Karen ErnstThis is a guest blog from Karen Ernst. Karen is the mother of three boys and a military wife.  She sometimes teaches English and enjoys advocating for and working with children. She is the co-leader of Voices for Vaccines and one of the founders of the Minnesota Childhood Immunization Coalition.

The preschool class party was one of the last hurrahs for my then five year old. The entire family attended, including our ten-day old newborn, whose only interest was nursing. His lack of other interests turned out to be good fortune because another mother-son duo at the party were contagious with chicken pox and began showing symptoms the day after the party. Had the mother held my newborn or the child played with him, the results could have been fatal for our son.

Having immunized my older child, who played with his contagious friend, I was relieved that no one in our home contracted chicken pox and no one passed it on to our new baby.

While I was angry when the mother revealed that she’d purposely left her son unvaccinated against chicken pox, I felt proud that I had chosen well, I had protected both my children, and I had understood and agreed with what public health officials had proposed: that children need the varicella vaccine. I had both done what I was supposed to, and nothing bad happened. So that’s the end of the story, right?

Obviously, it’s not the end of the story. Unfortunately, this was not the last mother I met who felt that this vaccine or that vaccine or every vaccine was unimportant or unsafe or just plain dumb. People passed their opinions from parent to parent without regard to the facts, and sometimes their opinions endangered my child’s and my community’s health. I wanted parents to feel as responsible to the community my children were growing up in as I did. At first, I wondered why doctors and people working in public health couldn’t get the message through. I wondered if they were really reaching parents or knew how to craft their message. From my standpoint, it felt like they indeed were doing their jobs.

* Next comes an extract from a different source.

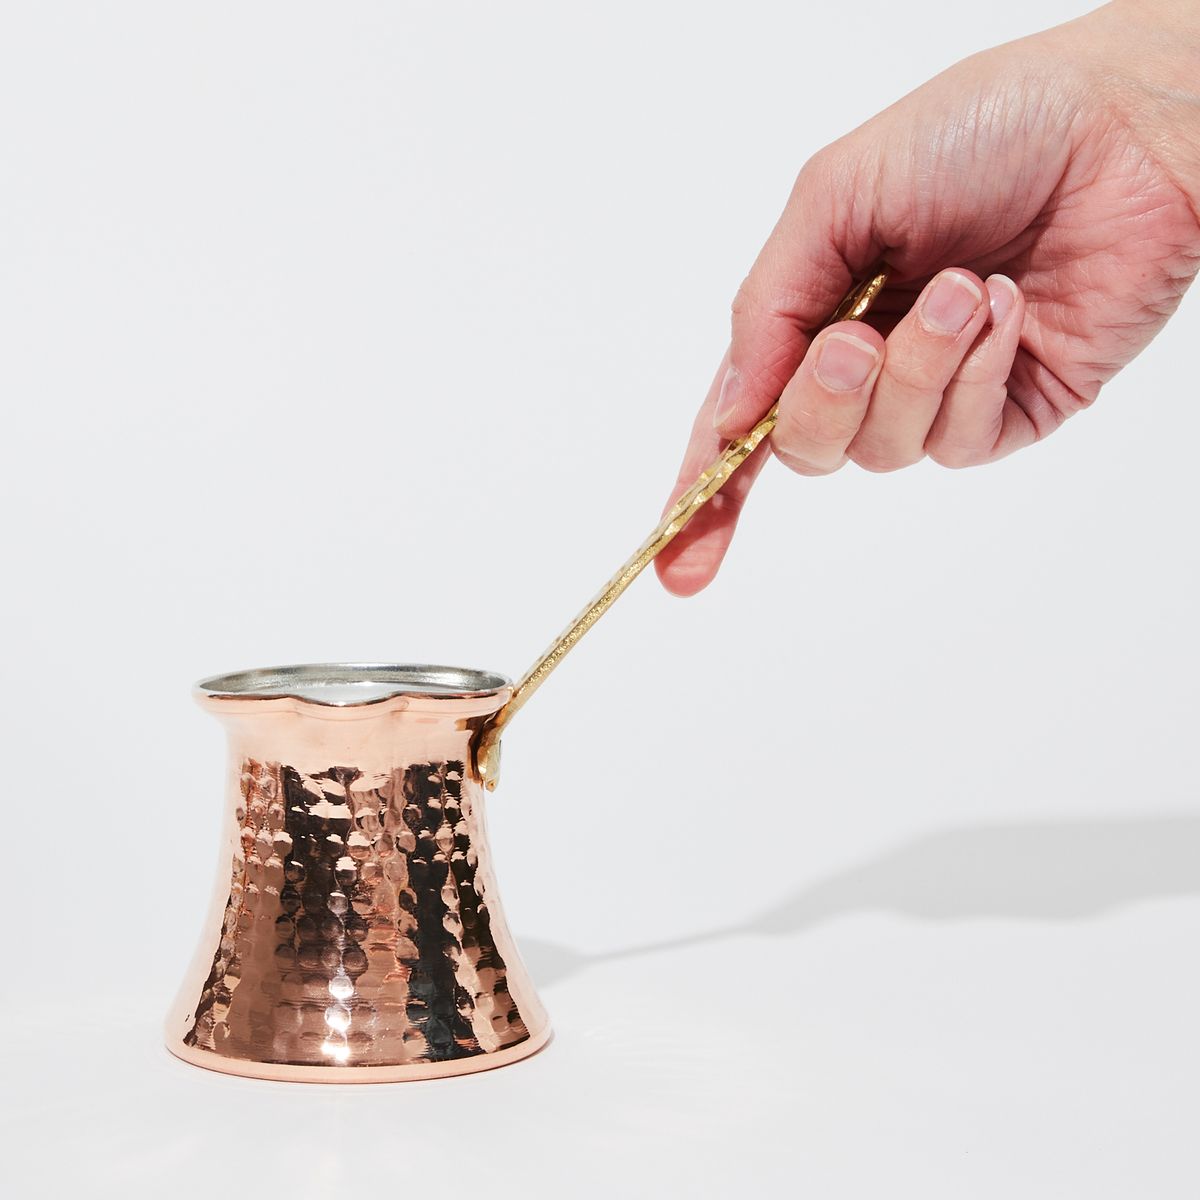 A hand holding a round copper pot by a long angled handle

I have always been grateful to those who work to keep our children safe and healthy, and I have long relied on them and their dedication to our communities. So what was the deal with all these vaccine-hesitant parents? I realized, over time, that I was the one not doing my job, that for too long I had been complacent. I had been happy to vaccinate my children and had not worried about the anti-vaccine message broadcast on the news or the mom who was convinced organic foods were all her children needed to prevent disease. I let them have their thing, and I had mine. I could only do my part to protect my children and my community.

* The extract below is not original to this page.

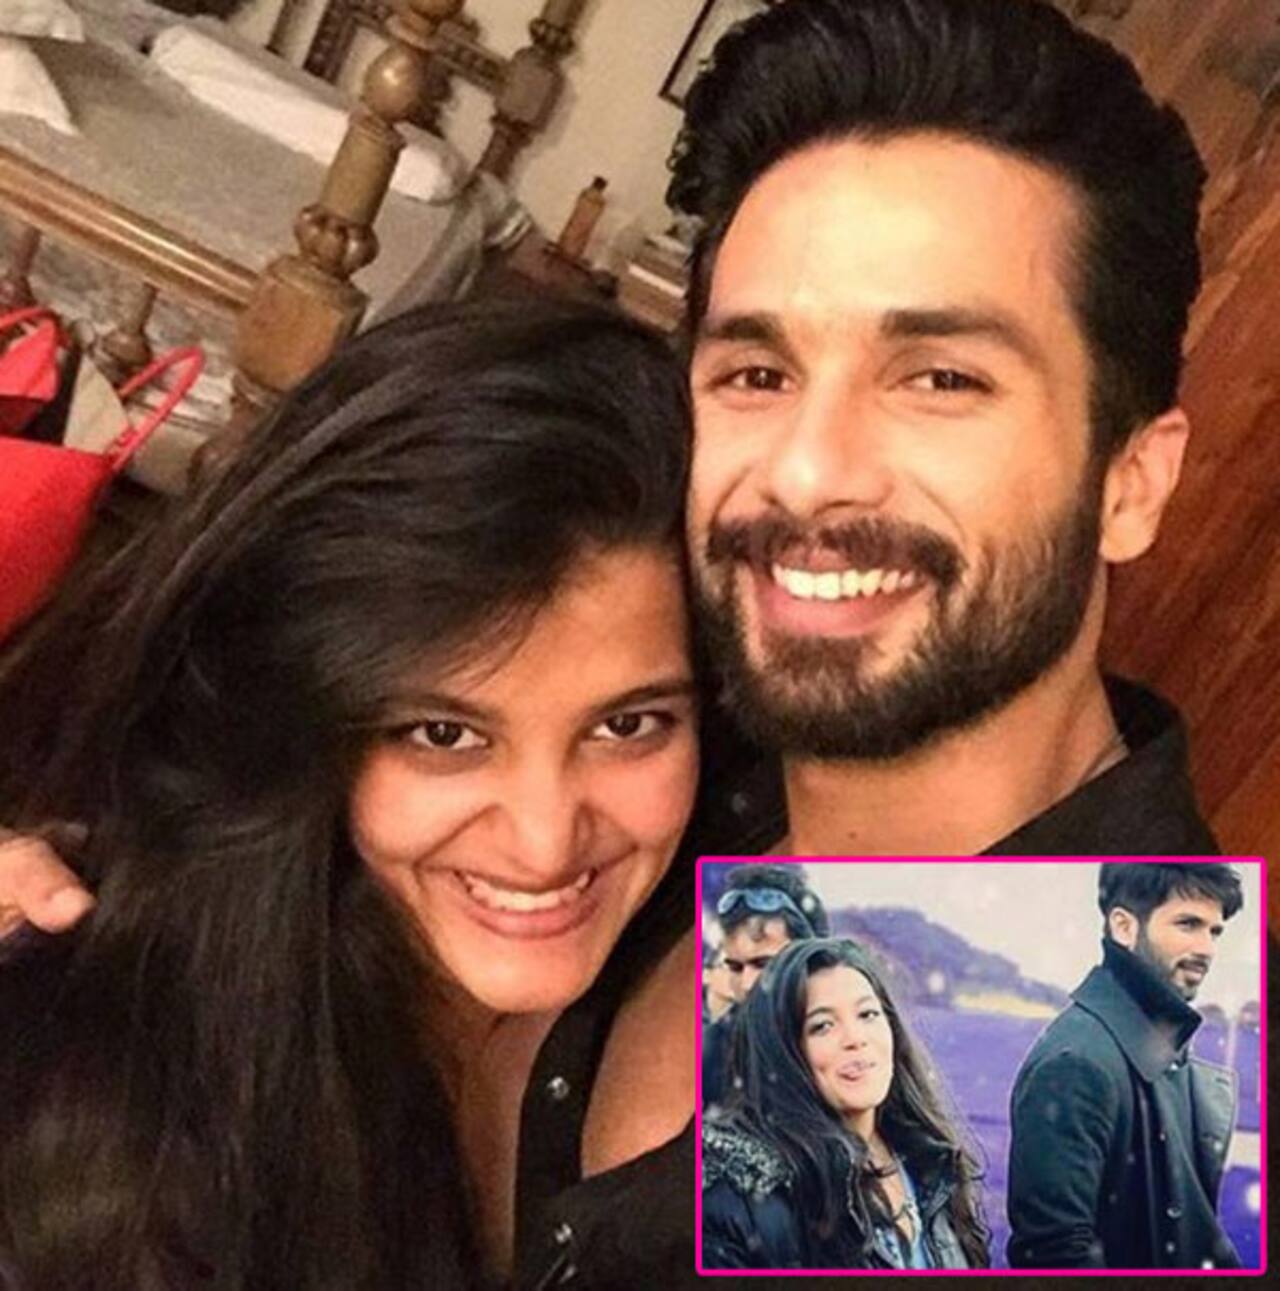 Shahid Kapoor shares an adorable picture with sister Sanah Kapoor - view pic

The 2011 measles outbreak  was a game-changer for me. Children in our community were sickened by measles for no reason other than their parents’ unfounded fears about autism and the lies that connected it to vaccines. I realized that I needed to protect my community against not only measles, but also the lies about autism and vaccines that had circulated for too long from parent-to-parent like its own disease.

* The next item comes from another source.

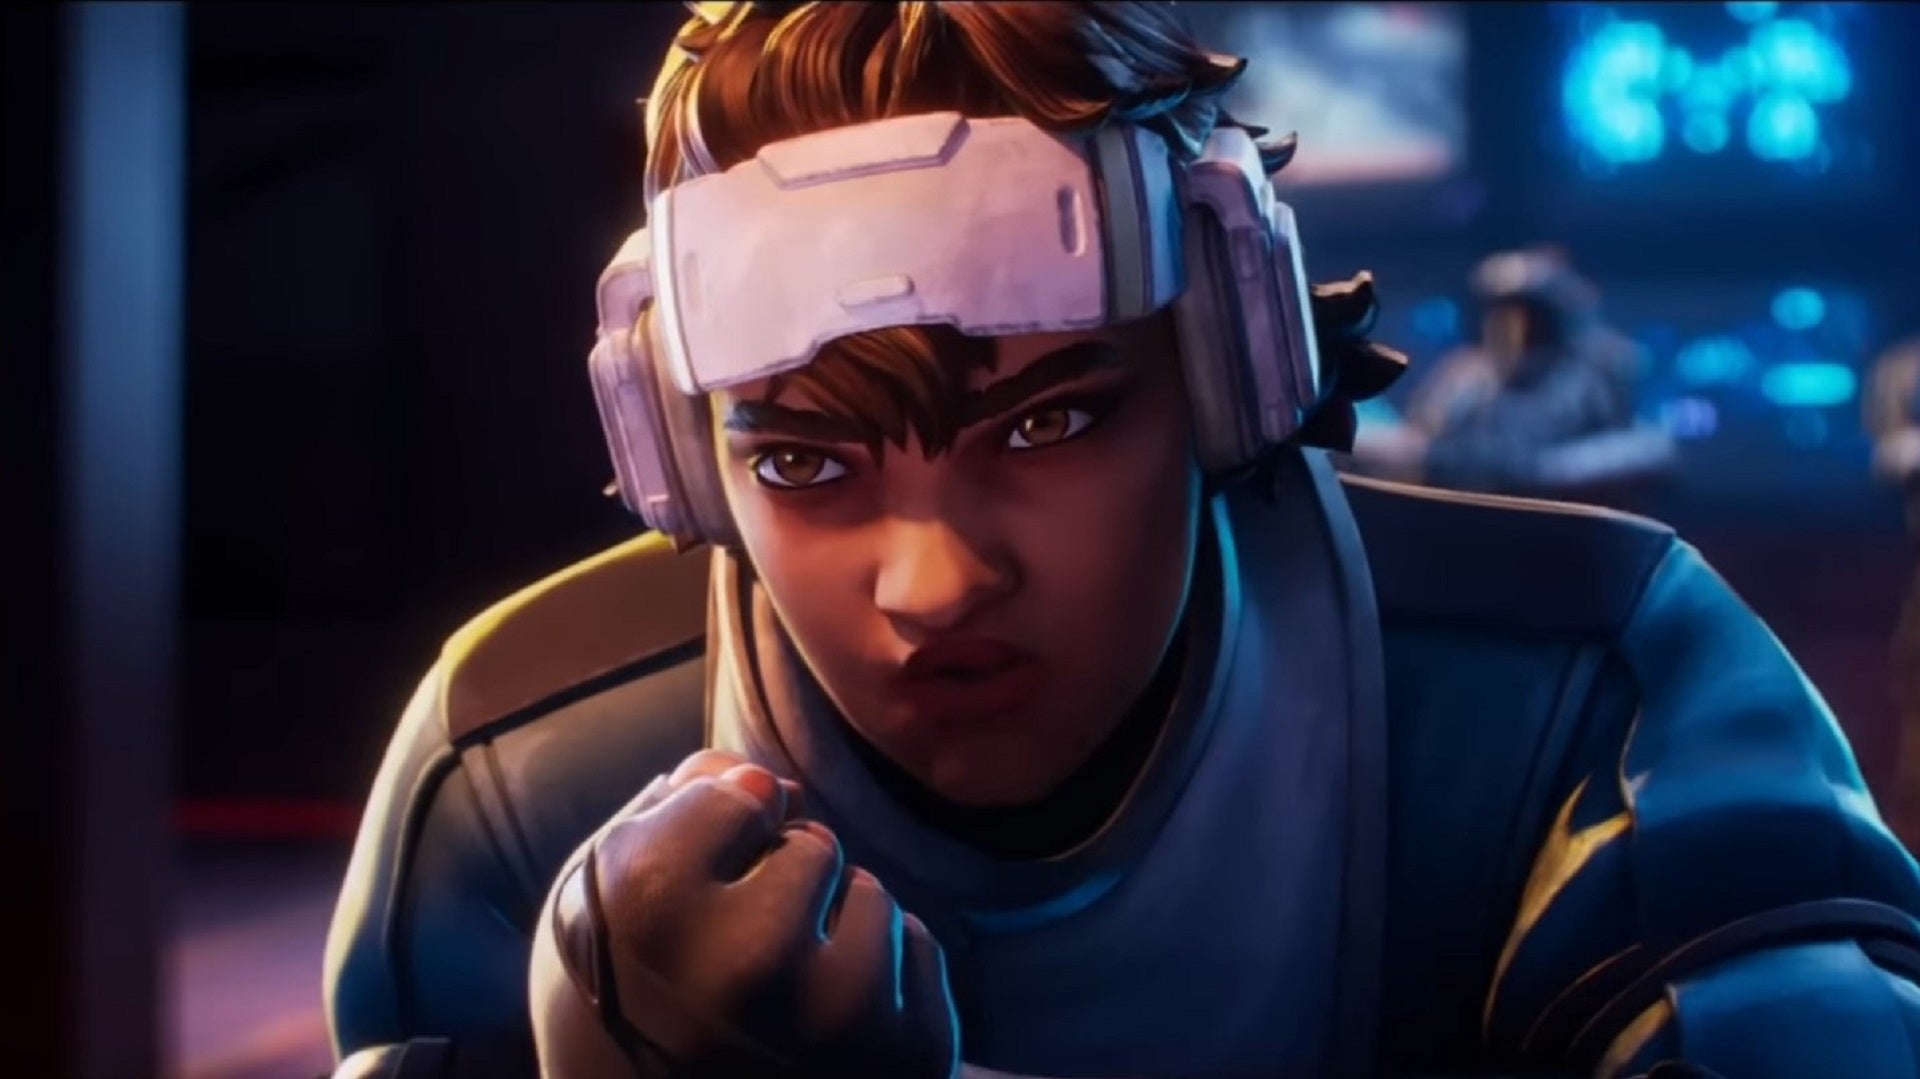 Vantage from the Apex Legends Hunted Launch trailer

Parents can no longer be complacent. It is our job to bring our children in to be immunized, but it is also our job to be sure that the story told about vaccination is truthful. For that reason, I am one of the parents behind Voices for Vaccines. We are working to help parents speak up for immunization by getting the tools they need to advocate for them. In order for our children to live in healthy communities, we must take on our share of the responsibility to make those communities healthy. We must not allow space for misinformation or untruthfulness. It’s time for our voices to be heard. Please join us and work to keep your community and mine safe from vaccine-preventable disease.